Discussion in 'Ruby' started by Mohit Sindhwani, Oct 25, 2008.

  1. HI! I'm trying to use Ruby and win32ole to parse a Word document. So
    far, I'm able to extract the style and text of each paragraph. That
    works great to convert it into individual divs (in the HTML CSS sense).

    Now, inside the paragraphs, there are certain words that have special
    formatting (for e.g. the name of a command which is in monospace) - I'm
    trying to find how to extract those special cases. Does anyone know how
    to achieve that?

    Appreciate your help - thanks!

    Cheers,
    Mohit.
    10/25/2008 | 4:33 PM.
     
    Mohit Sindhwani, Oct 25, 2008
    #1
    1. Advertising

  2. Mohit Sindhwani

    Axel Etzold Guest

    > HI! I'm trying to use Ruby and win32ole to parse a Word document.
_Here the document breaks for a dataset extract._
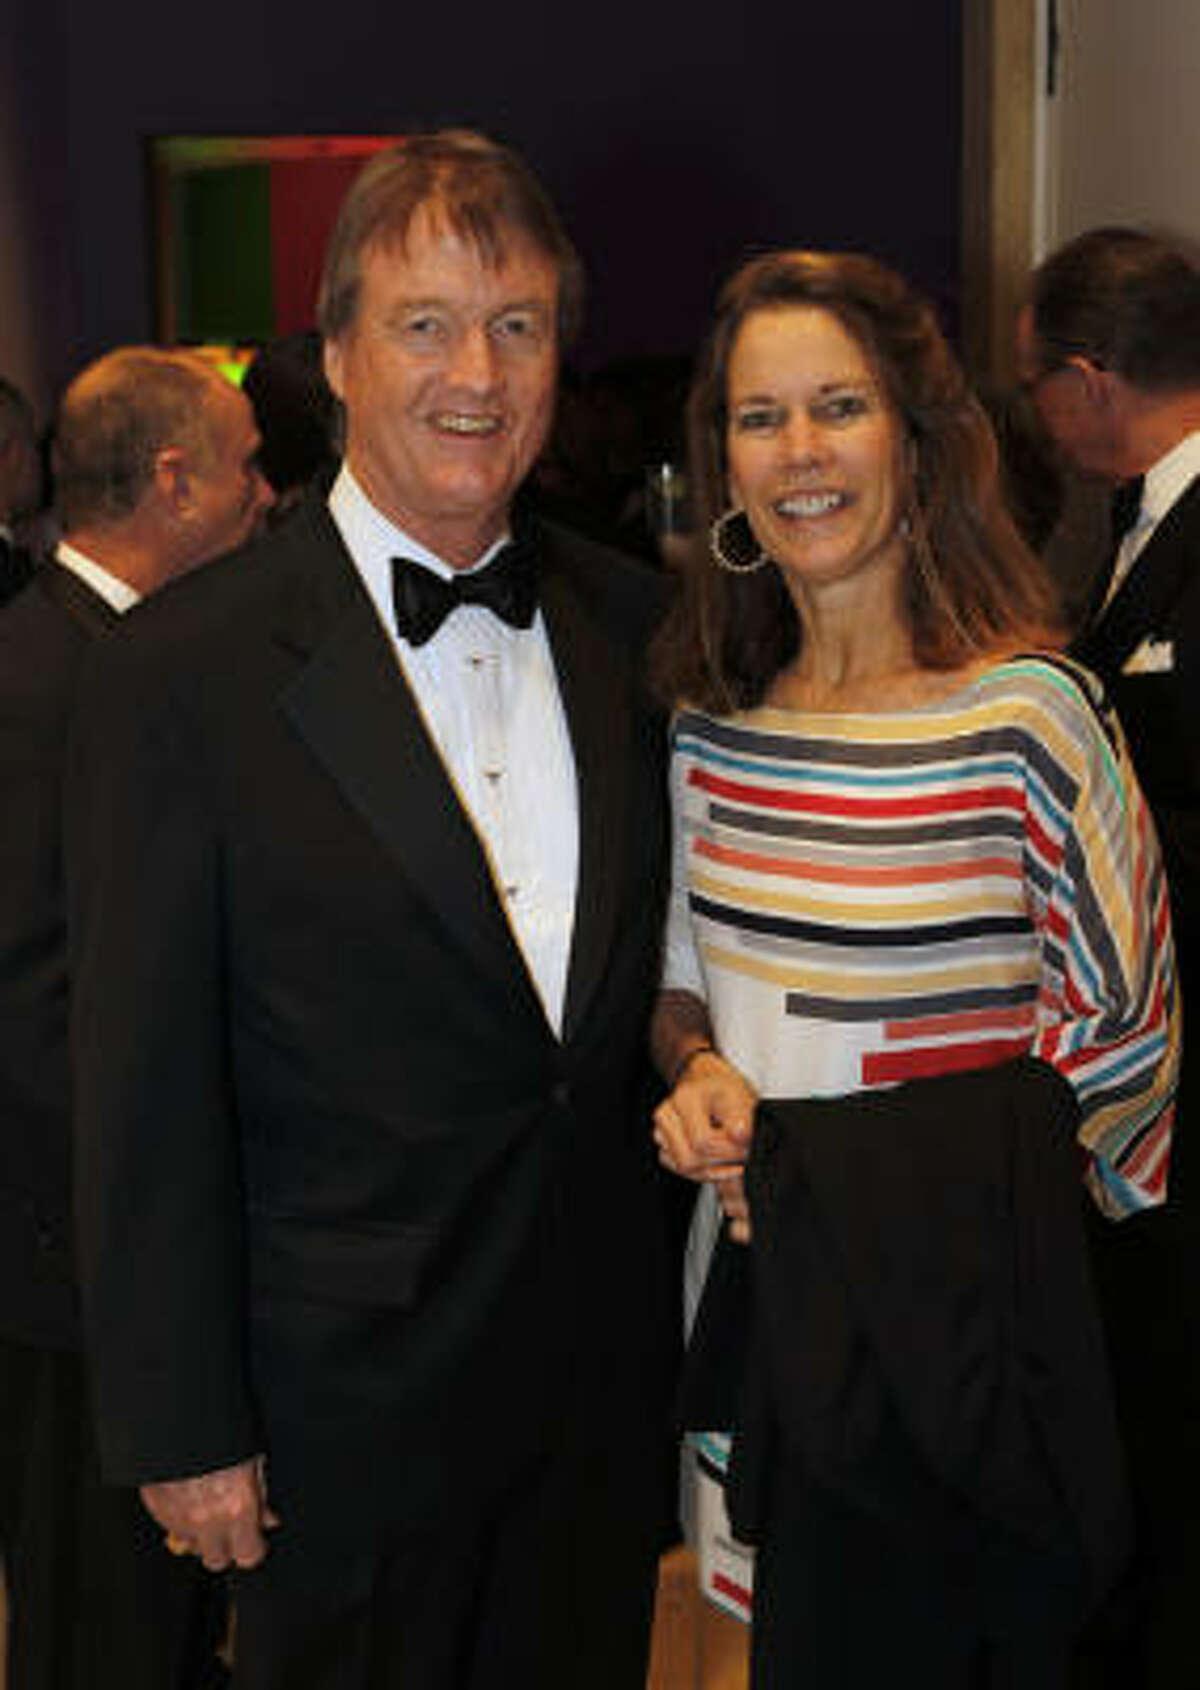 University of Texas at Austin president William Powers and his wife Kim Heilbrun

So
    > far, I'm able to extract the style and text of each paragraph. That
    > works great to convert it into individual divs (in the HTML CSS sense).
    >
    > Now, inside the paragraphs, there are certain words that have special
    > formatting (for e.g. the name of a command which is in monospace) - I'm
    > trying to find how to extract those special cases. Does anyone know how
    > to achieve that?
    >


    Dear Mohit,

    you could save the Word file as an html and then extract the relevant information...
    I did that using OpenOffice and got a file containing the font information in the following form.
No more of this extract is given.